0
0
AirflowConceptBeginner · 3 min read

What is max_active_runs in Airflow: Explanation and Usage

In Apache Airflow, max_active_runs is a setting that limits how many instances of a DAG can run at the same time. It helps control concurrency by preventing too many runs from executing simultaneously, which can protect resources and avoid overload.
⚙️

How It Works

Imagine you have a kitchen where you can cook several dishes at once, but only a limited number of burners. max_active_runs is like the number of burners you allow to be used simultaneously for one recipe (DAG).

When you set max_active_runs for a DAG, Airflow will only start that many runs of the DAG at the same time.
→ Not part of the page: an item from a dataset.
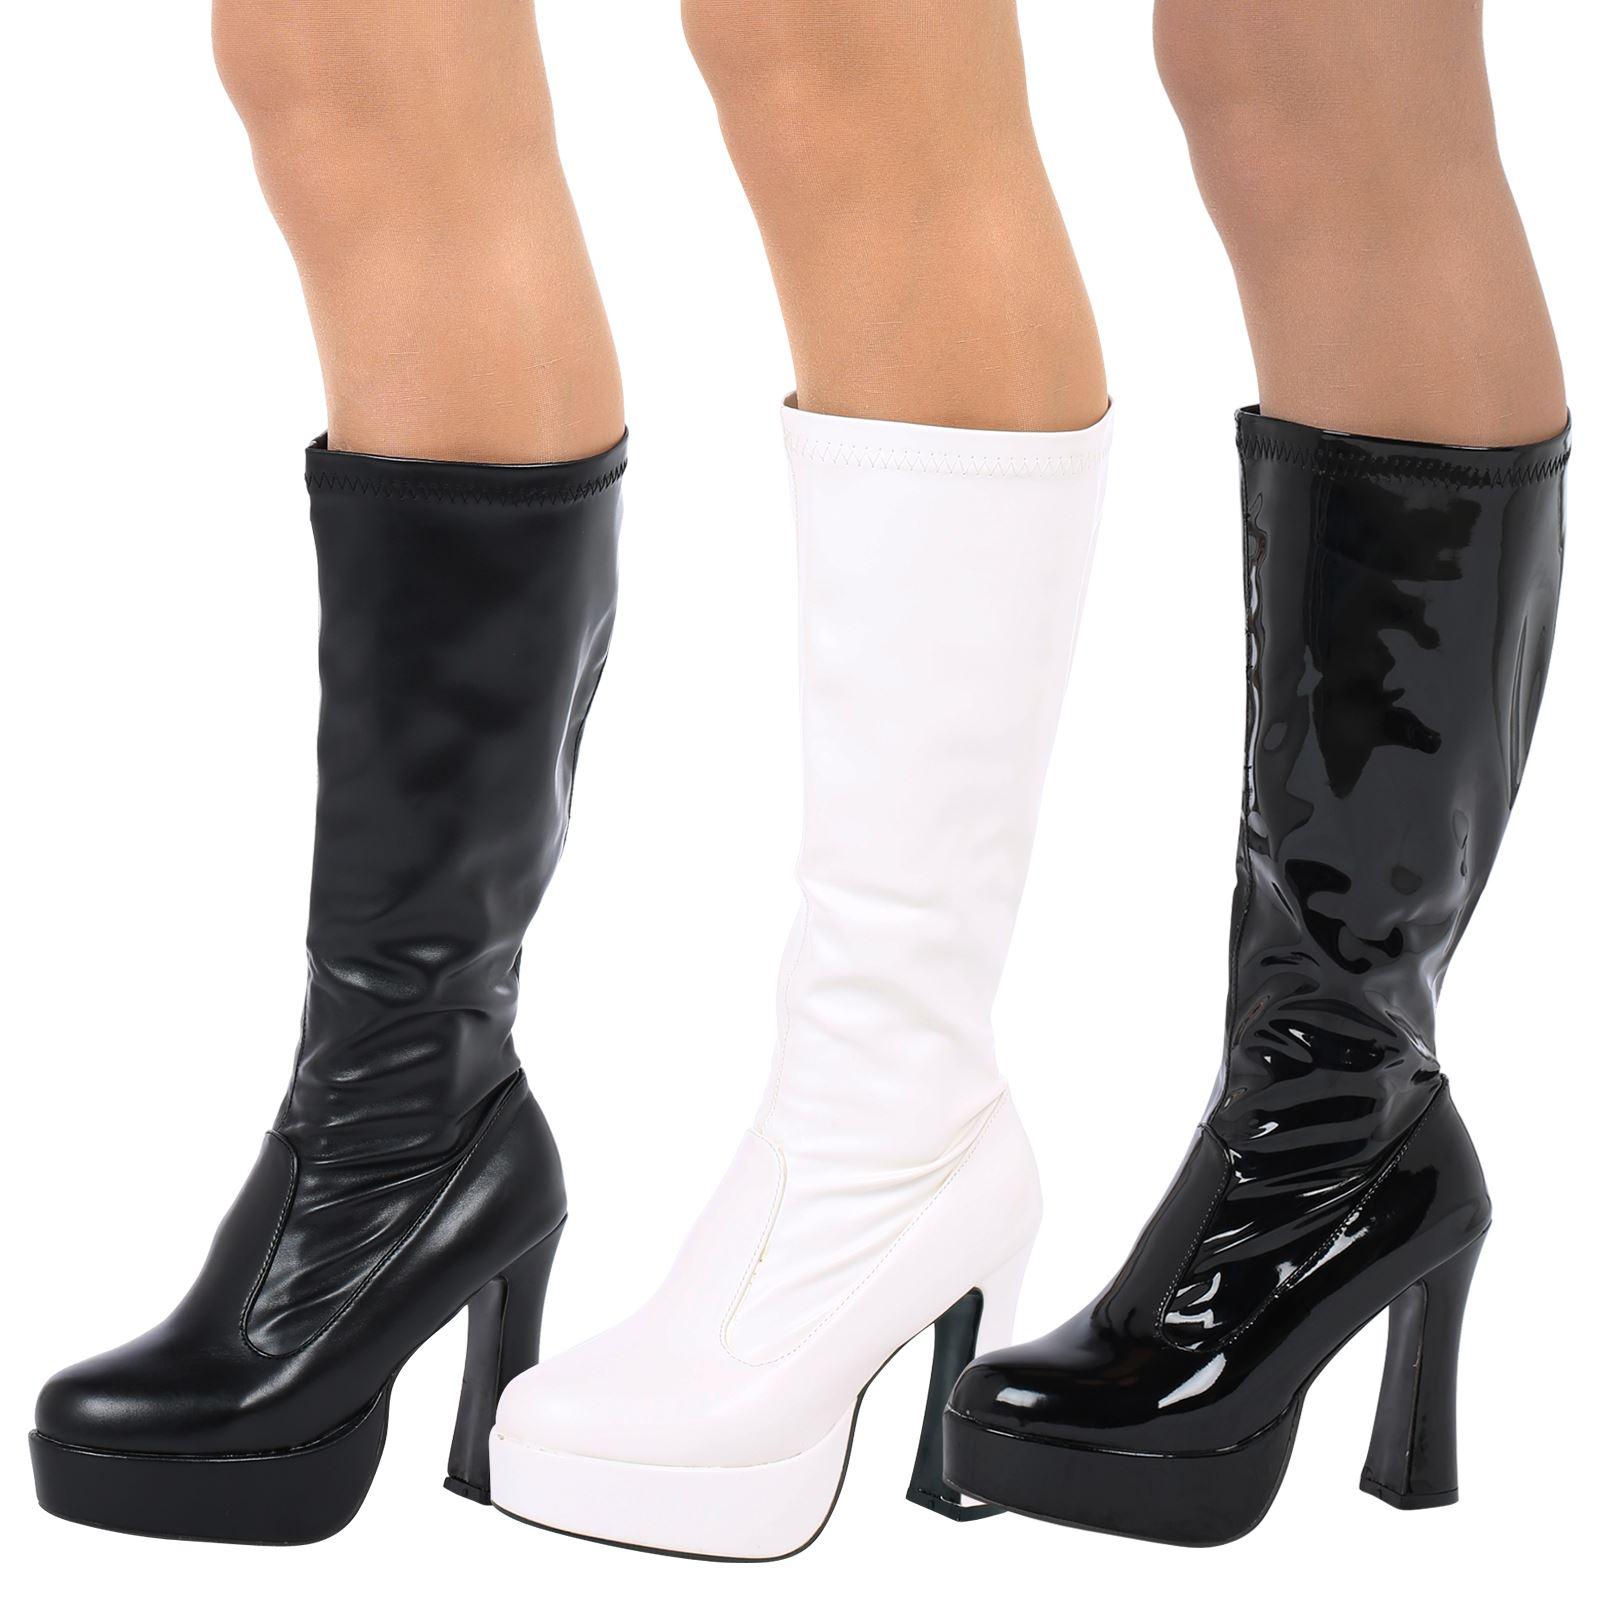 60ec67efcfe WOMENS LADIES FANCY DRESS 60s 70s PLATFORM RETRO GOGO BOOTS KNEE HIGH SHOES  NEW

If the limit is reached, new runs wait in line until a running one finishes. This prevents your system from being overwhelmed by too many parallel tasks from the same workflow.

This setting is useful to balance workload and resource use, ensuring your Airflow environment stays stable and efficient.

💻

Example

This example shows how to set max_active_runs in a DAG definition to limit concurrent runs to 2.

python
from airflow import DAG
from airflow.operators.bash import BashOperator
from datetime import datetime

with DAG(
    'example_max_active_runs',
    start_date=datetime(2024, 1, 1),
    schedule_interval='@daily',
    max_active_runs=2,
    catchup=False
) as dag:
    task1 = BashOperator(
        task_id='print_date',
        bash_command='date'
    )
Output
No direct output; DAG will only allow 2 active runs at the same time when triggered or scheduled.
🎯

When to Use

Use max_active_runs when you want to control how many instances of a DAG run simultaneously to avoid resource exhaustion or conflicts.

For example, if your DAG triggers heavy database queries or external API calls, limiting concurrent runs prevents overloading those systems.

It is also helpful when you want to ensure sequential processing or when downstream systems have limited capacity.

Key Points

  • max_active_runs limits concurrent DAG runs.
  • It helps manage resource usage and system stability.
  • Set it in the DAG definition as an integer.
  • New runs wait if the limit is reached.
  • Useful for heavy or resource-sensitive workflows.

Key Takeaways

max_active_runs controls how many DAG runs can execute at once.
Setting it prevents overloading your system with too many parallel runs.
It is configured in the DAG file as an integer parameter.
Use it to protect external systems or manage resource-heavy workflows.
Runs beyond the limit wait until active runs finish.